Caching a dataset with map() when loaded with from_dict()

Using datasets 1.8.0.

Normal? Situations
If I use load_dataset() to load data, it generates cache files. If you then apply .map() on that dataset, corresponding cache files are generated as expected. Following is a simple code to reproduce the results.

from datasets import load_dataset, Dataset

def add_prefix(example):
    example['sentence1'] = 'My sentence: ' + example['sentence1']
    return example

def main():
    dataset = load_dataset('glue', 'mrpc', split='train')
    print(dataset)
    dataset = dataset.map(add_prefix)
    print(dataset)

if __name__ == "__main__":
    main()

Running the above will generate the following output. As we can see with the tqdm progress bar, the .map() is applied and the cache files are saved accordingly.

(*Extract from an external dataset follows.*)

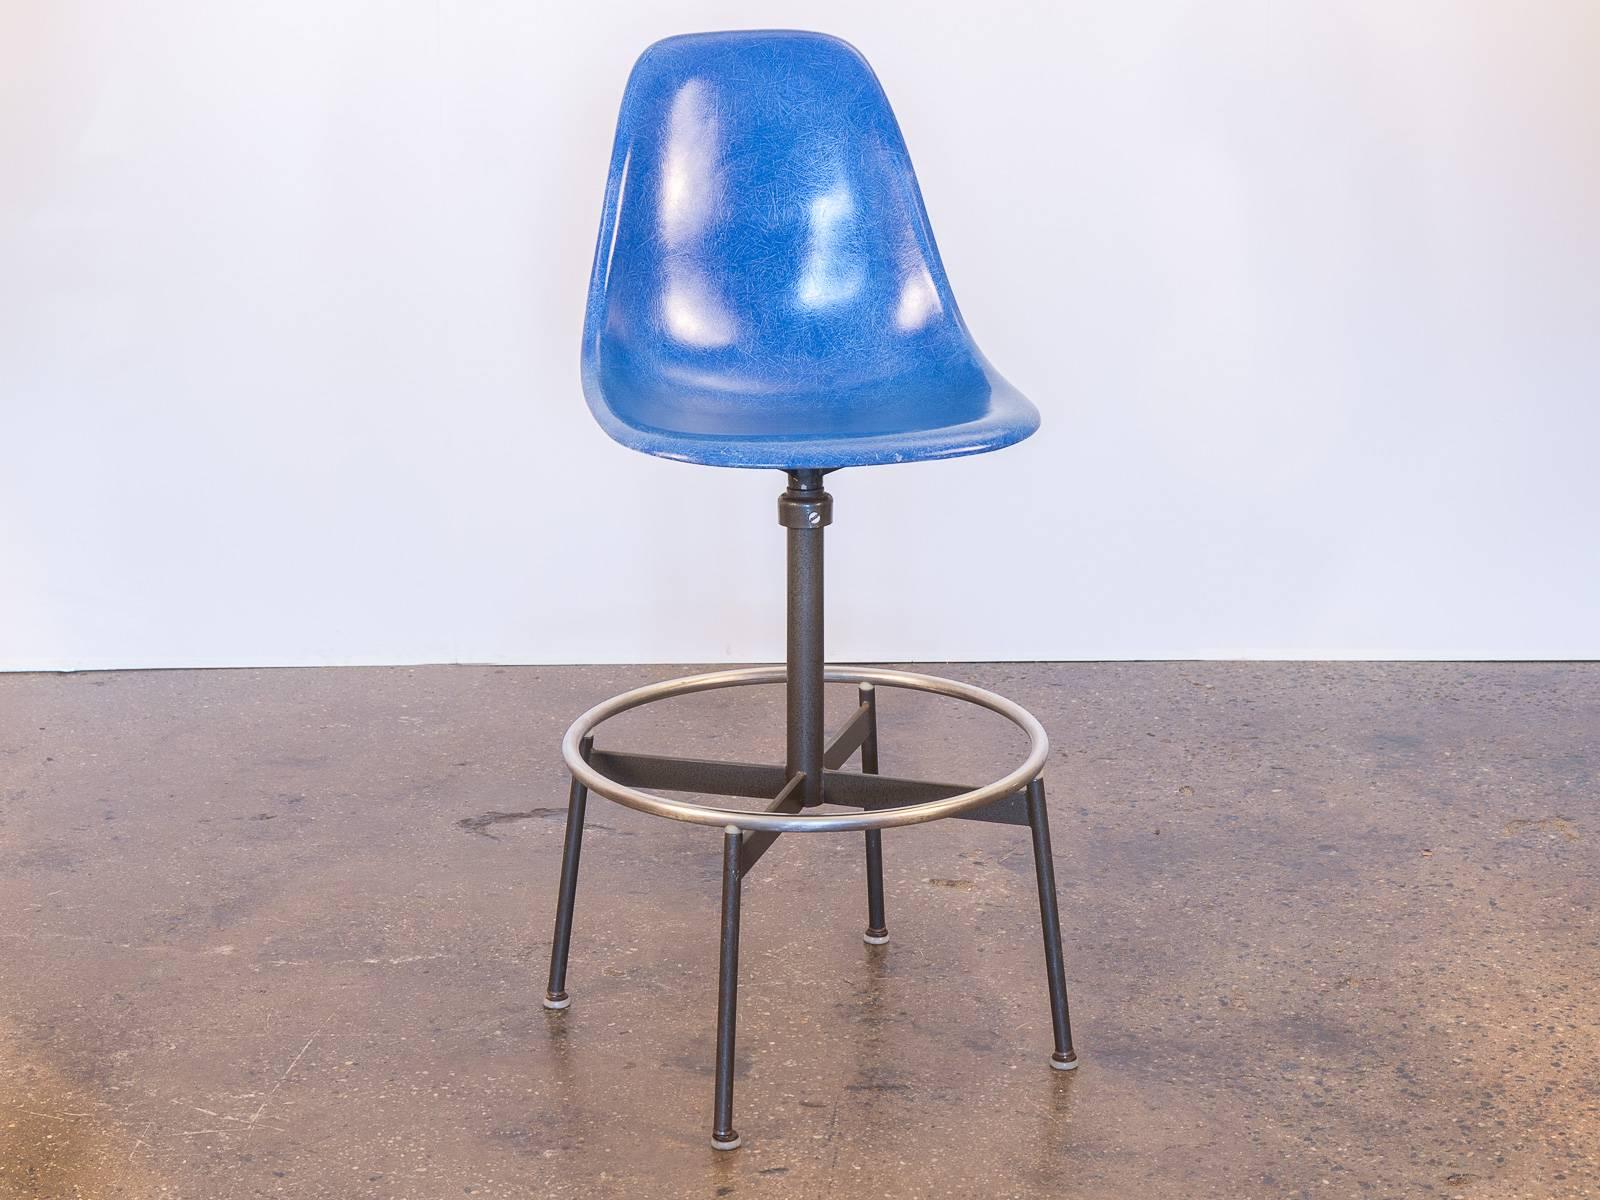 We have a gleaming Eames blue fiberglass shell chair on an original Herman Miller drafting swivel base. Sleek, Classic drafting stool for work or home office. Solid metal base in is excellent condition, with all original glides. Other shells are

Downloading: 28.8kB [00:00, 25.6MB/s]                                                                                                                                                         
Downloading: 28.7kB [00:00, 28.8MB/s]                                                                                                                                                         
Downloading and preparing dataset glue/mrpc (download: 1.43 MiB, generated: 1.43 MiB, post-processed: Unknown size, total: 2.85 MiB) to /home/jasonyoun/.cache/huggingface/datasets/glue/mrpc/1.0.0/dacbe3125aa31d7f70367a07a8a9e72a5a0bfeb5fc42e75c9db75b96da6053ad...
Downloading: 6.22kB [00:00, 7.73MB/s]
Downloading: 1.05MB [00:00, 9.16MB/s]
Downloading: 441kB [00:00, 4.83MB/s]
0 examples [00:00, ? examples/s]2021-06-26 00:07:58.740056: I tensorflow/stream_executor/platform/default/dso_loader.cc:53] Successfully opened dynamic library libcudart.so.11.0
Dataset glue downloaded and prepared to /home/jasonyoun/.cache/huggingface/datasets/glue/mrpc/1.0.0/dacbe3125aa31d7f70367a07a8a9e72a5a0bfeb5fc42e75c9db75b96da6053ad. Subsequent calls will reuse this data.
Dataset({
    features: ['idx', 'label', 'sentence1', 'sentence2'],
    num_rows: 3668
})
100%|β–ˆβ–ˆβ–ˆβ–ˆβ–ˆβ–ˆβ–ˆβ–ˆβ–ˆβ–ˆβ–ˆβ–ˆβ–ˆβ–ˆβ–ˆβ–ˆβ–ˆβ–ˆβ–ˆβ–ˆβ–ˆβ–ˆβ–ˆβ–ˆβ–ˆβ–ˆβ–ˆβ–ˆβ–ˆβ–ˆβ–ˆβ–ˆβ–ˆβ–ˆβ–ˆβ–ˆβ–ˆβ–ˆβ–ˆβ–ˆβ–ˆβ–ˆβ–ˆβ–ˆβ–ˆβ–ˆβ–ˆβ–ˆβ–ˆβ–ˆβ–ˆβ–ˆβ–ˆβ–ˆβ–ˆβ–ˆβ–ˆβ–ˆβ–ˆβ–ˆβ–ˆβ–ˆβ–ˆβ–ˆβ–ˆβ–ˆβ–ˆβ–ˆβ–ˆβ–ˆβ–ˆβ–ˆβ–ˆβ–ˆβ–ˆβ–ˆβ–ˆβ–ˆβ–ˆβ–ˆβ–ˆβ–ˆβ–ˆβ–ˆβ–ˆβ–ˆβ–ˆβ–ˆβ–ˆβ–ˆβ–ˆβ–ˆβ–ˆβ–ˆβ–ˆβ–ˆβ–ˆβ–ˆβ–ˆβ–ˆβ–ˆβ–ˆβ–ˆβ–ˆβ–ˆβ–ˆβ–ˆβ–ˆβ–ˆβ–ˆβ–ˆβ–ˆβ–ˆβ–ˆβ–ˆβ–ˆβ–ˆβ–ˆβ–ˆβ–ˆβ–ˆβ–ˆβ–ˆβ–ˆβ–ˆβ–ˆβ–ˆβ–ˆβ–ˆβ–ˆβ–ˆβ–ˆβ–ˆβ–ˆβ–ˆβ–ˆβ–ˆβ–ˆβ–ˆβ–ˆβ–ˆβ–ˆβ–ˆβ–ˆβ–ˆβ–ˆ| 3668/3668 [00:00<00:00, 20903.25ex/s]
Dataset({
    features: ['idx', 'label', 'sentence1', 'sentence2'],
    num_rows: 3668
})

Running the exact code again will use the saved cache for both load_dataset() and .map().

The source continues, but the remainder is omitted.